• The problem:
Please restate the listing word for word, omitting the images.

[Opening Provided material section]

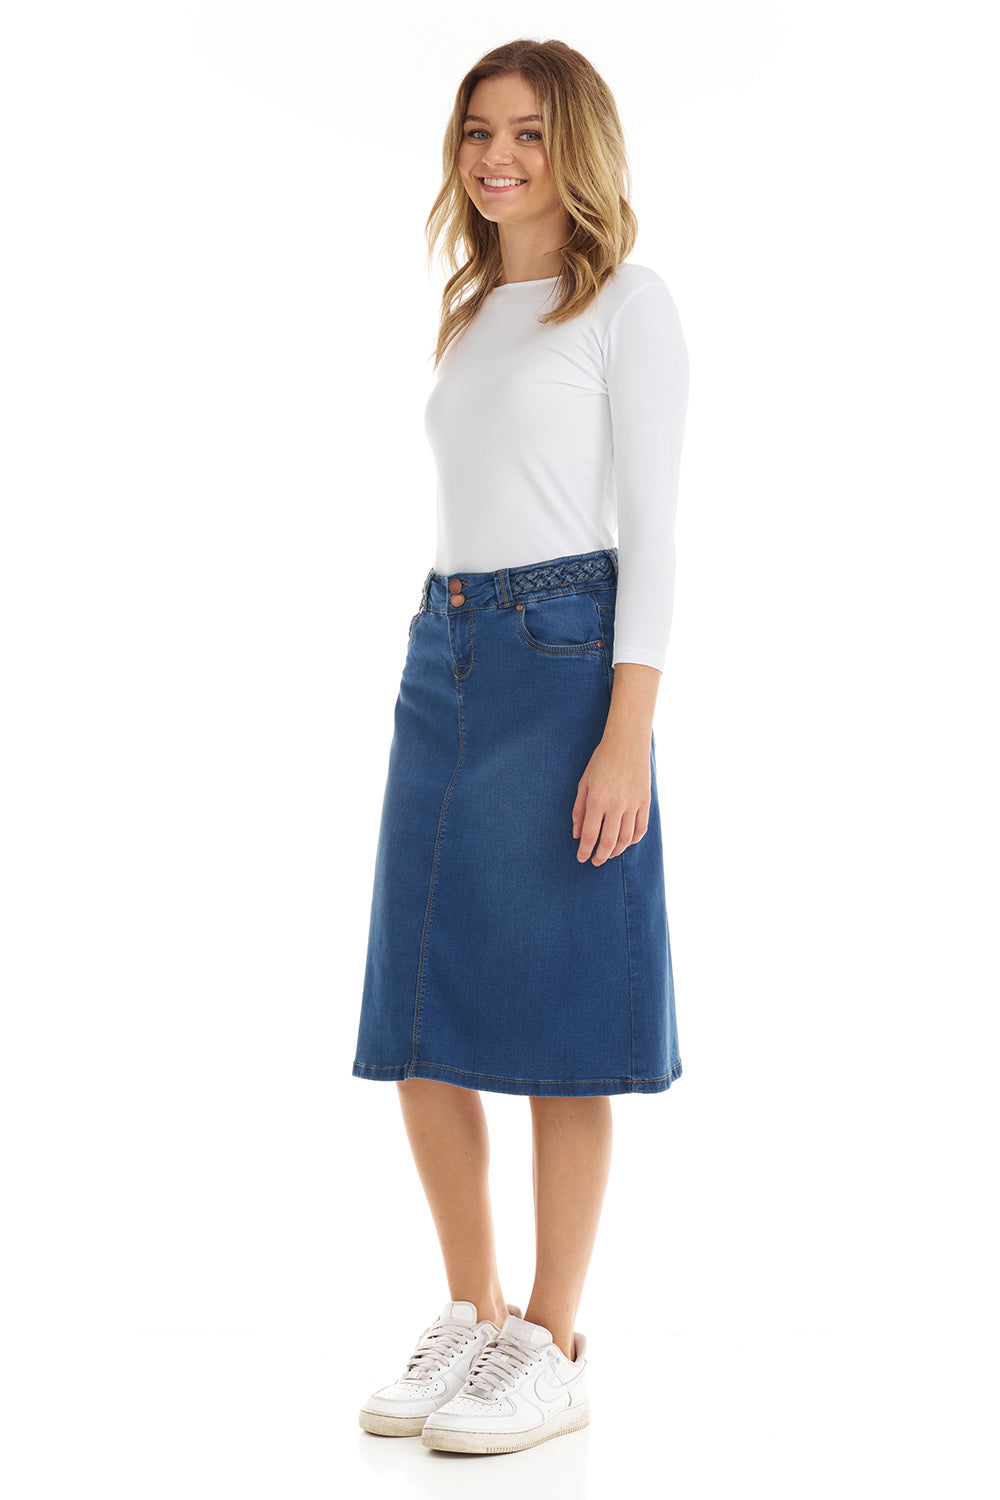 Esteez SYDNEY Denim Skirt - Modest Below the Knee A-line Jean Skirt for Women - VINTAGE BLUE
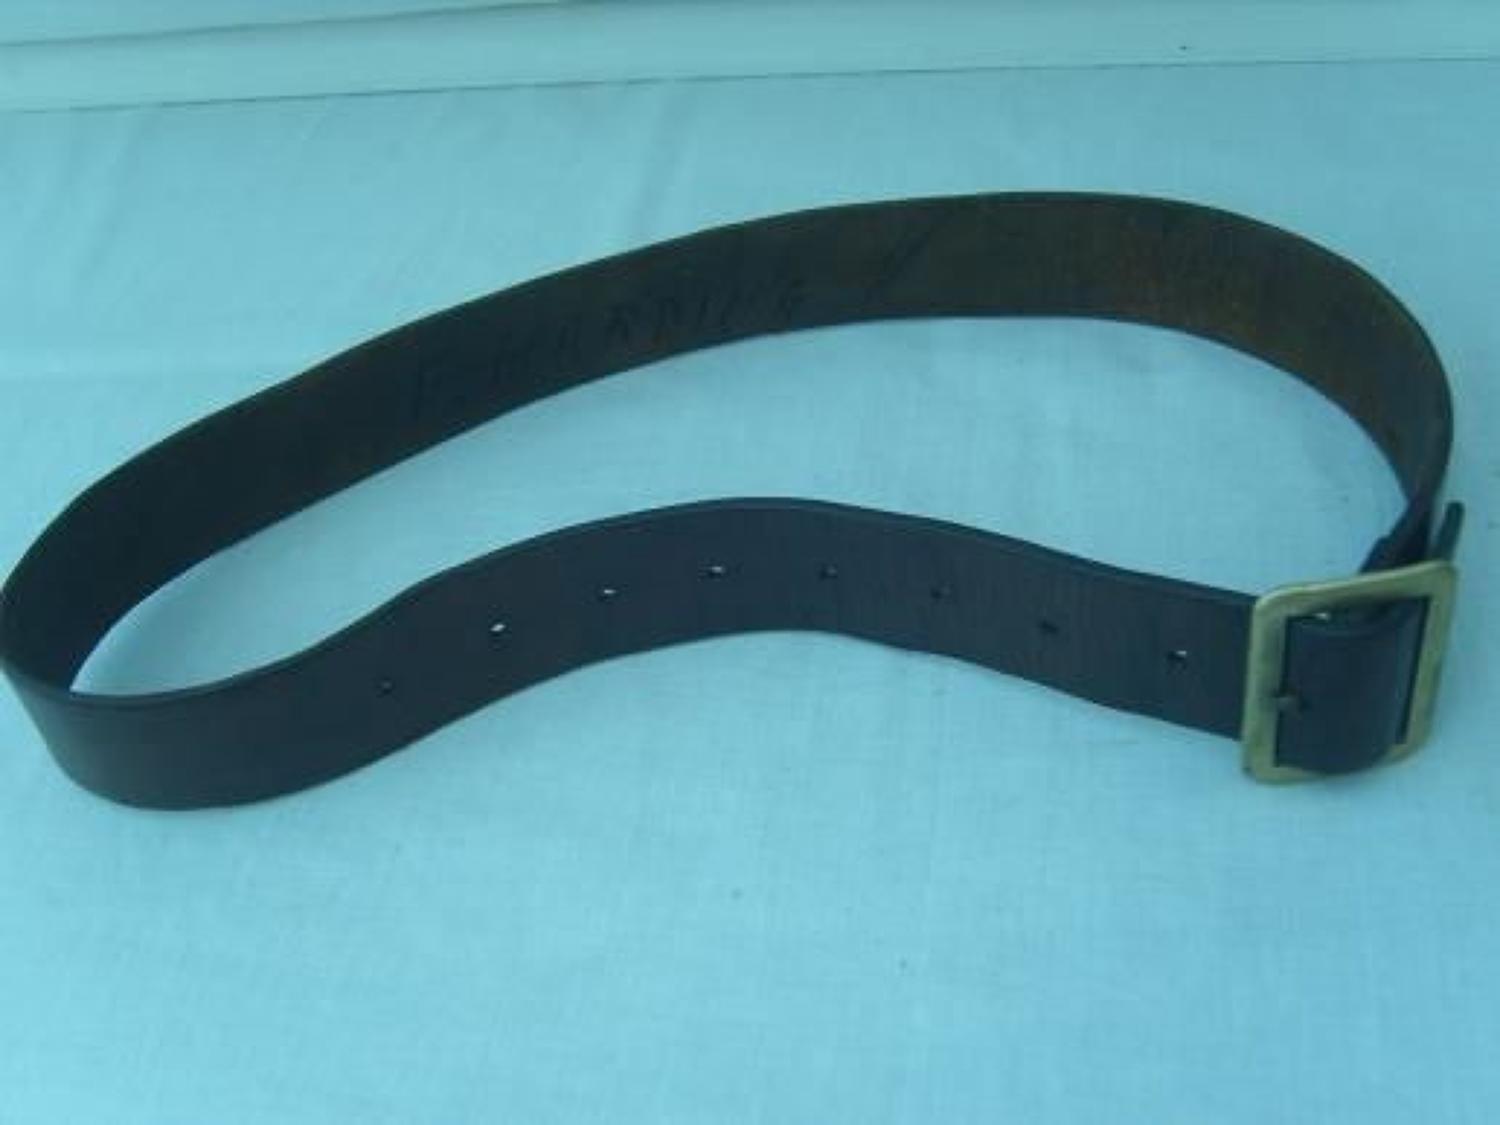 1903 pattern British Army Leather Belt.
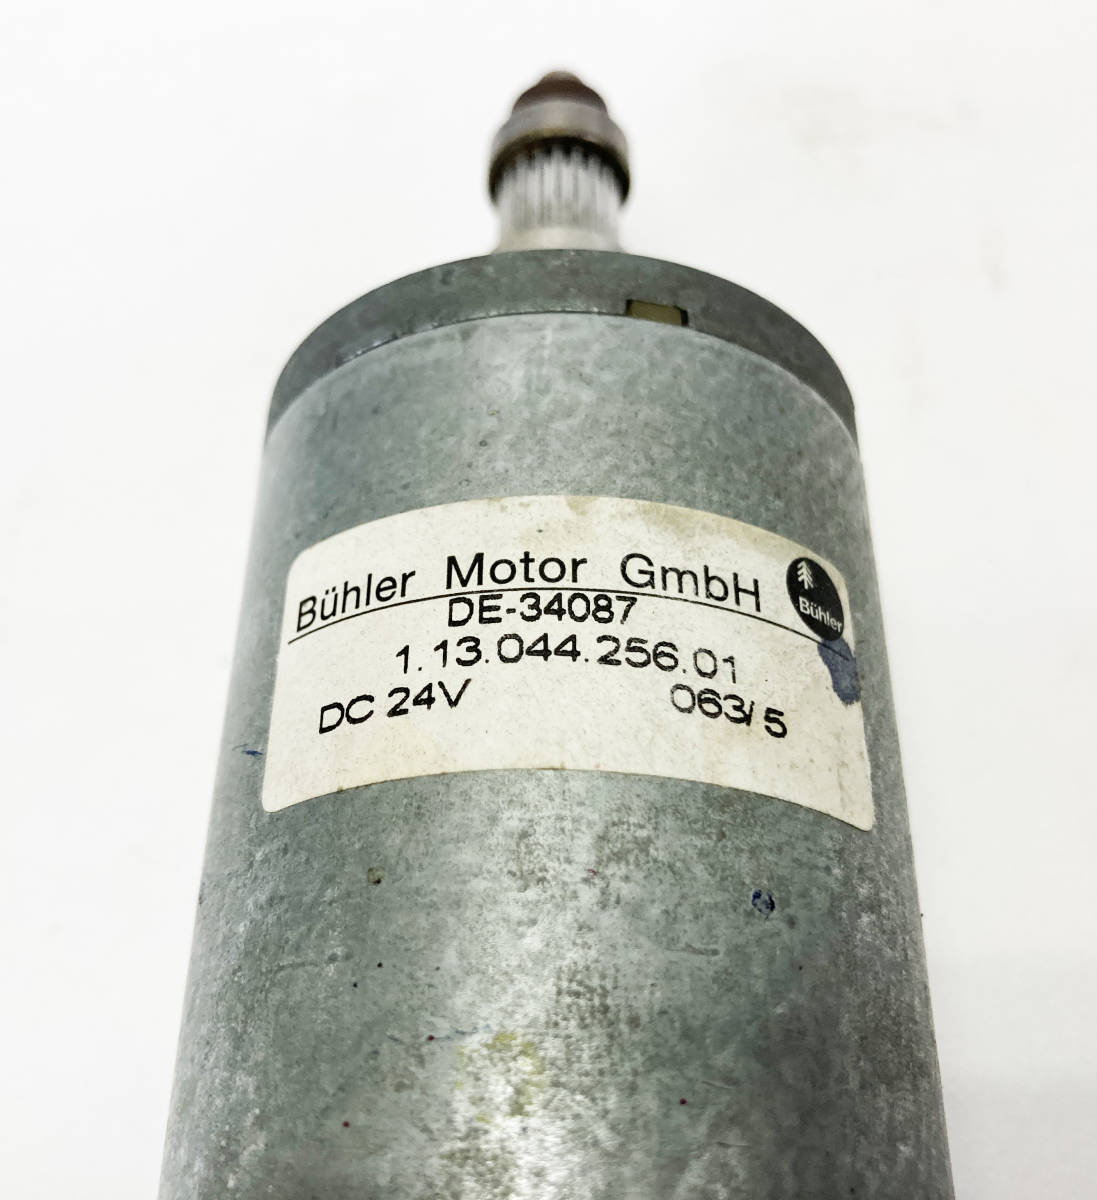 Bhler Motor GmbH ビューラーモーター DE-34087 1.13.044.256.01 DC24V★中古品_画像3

[Closing Provided material section]

• Task answer:
 Esteez SYDNEY Denim Skirt - Modest Below the Knee A-line Jean Skirt for Women - VINTAGE BLUE
 1903 pattern British Army Leather Belt.
 Bhler Motor GmbH ビューラーモーター DE-34087 1.13.044.256.01 DC24V★中古品_画像3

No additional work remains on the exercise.